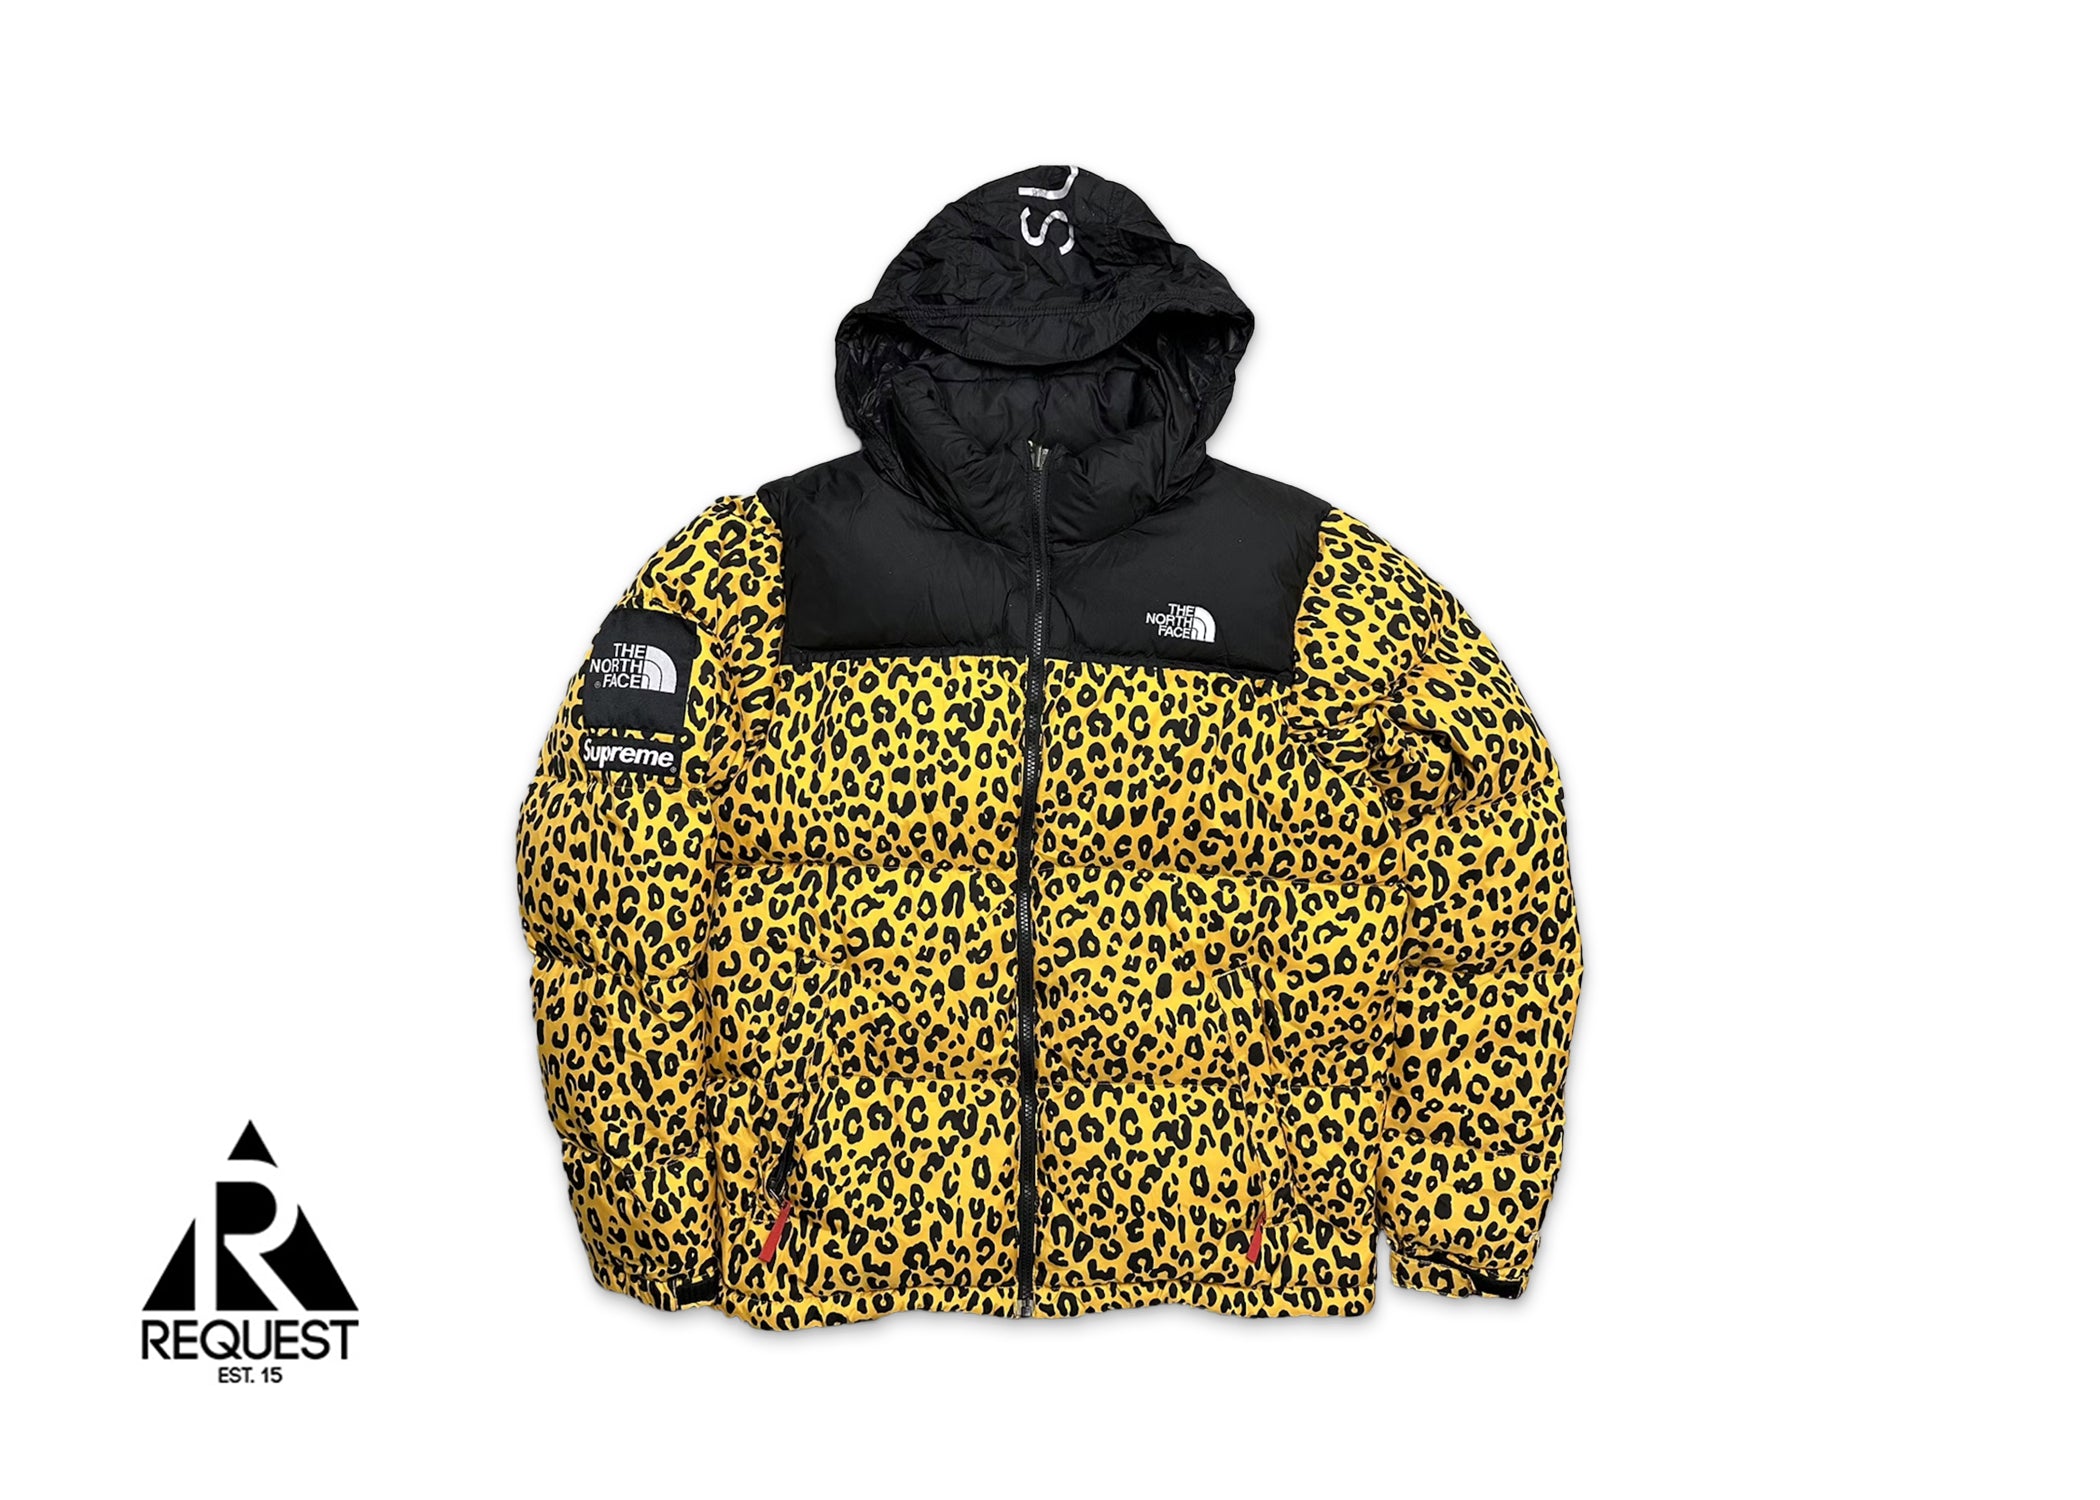 Supreme x The North Face Leopard Nuptse Jacket "Yellow"
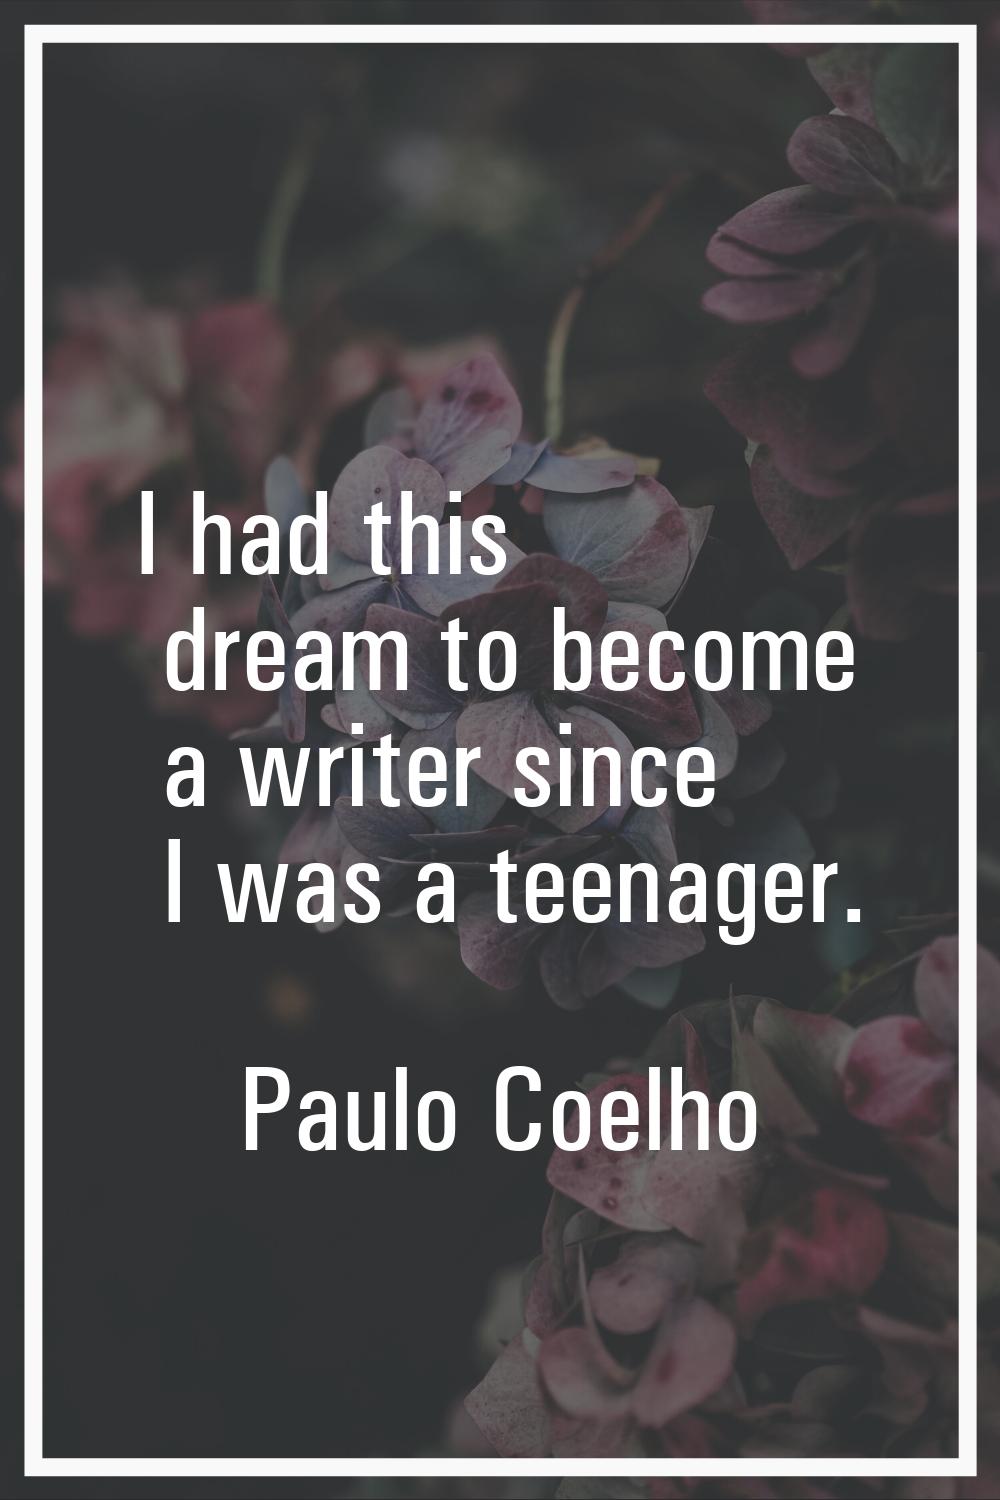 I had this dream to become a writer since I was a teenager.
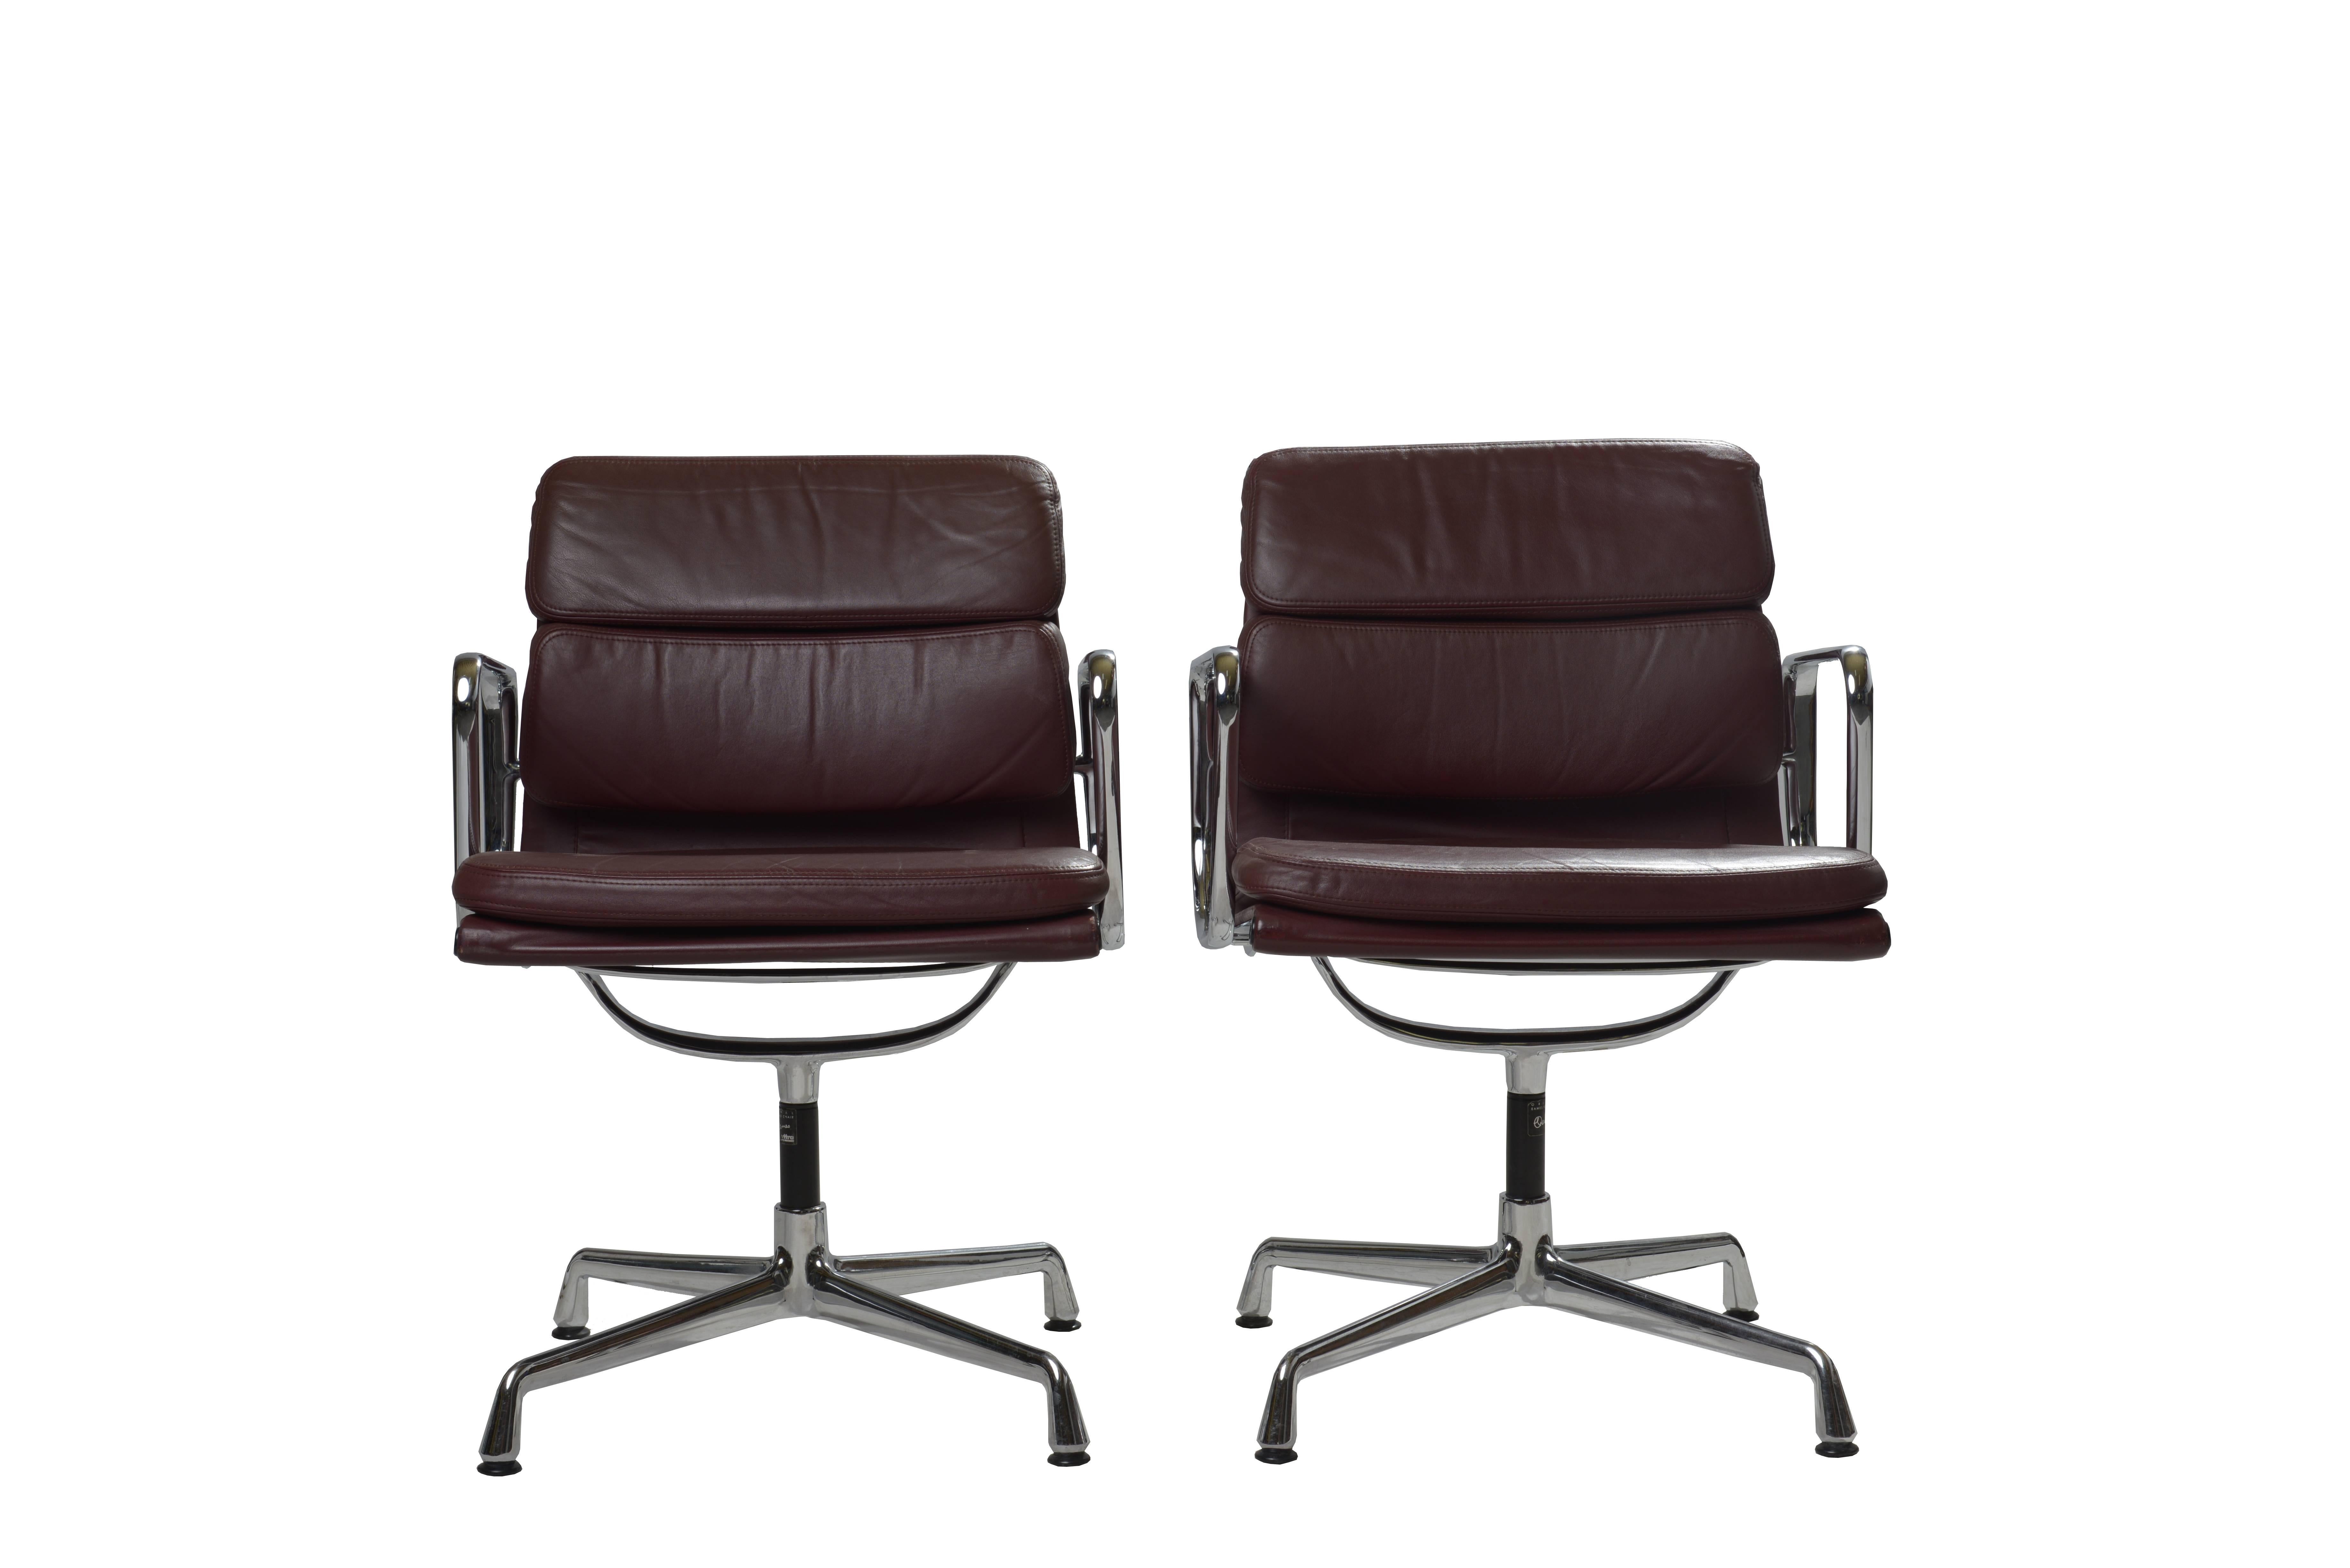 Pair of soft pad chairs model EA 208 designed by Charles and Ray Eames for Vitra, 1960s.

The seats are padded in their original soft burgundy leather, on a cast aluminum frame with plated chrome and a four-star base. Marked with label and stamped

========================================================================

▶ _Task brief_: Reproduce the material word for word, pictures excluded.

▶ _Response_:
 Supreme x The North Face Leopard Nuptse Jacket "Yellow"
 I had this dream to become a writer since I was a teenager.
 Pair of soft pad chairs model EA 208 designed by Charles and Ray Eames for Vitra, 1960s.

The seats are padded in their original soft burgundy leather, on a cast aluminum frame with plated chrome and a four-star base. Marked with label and stamped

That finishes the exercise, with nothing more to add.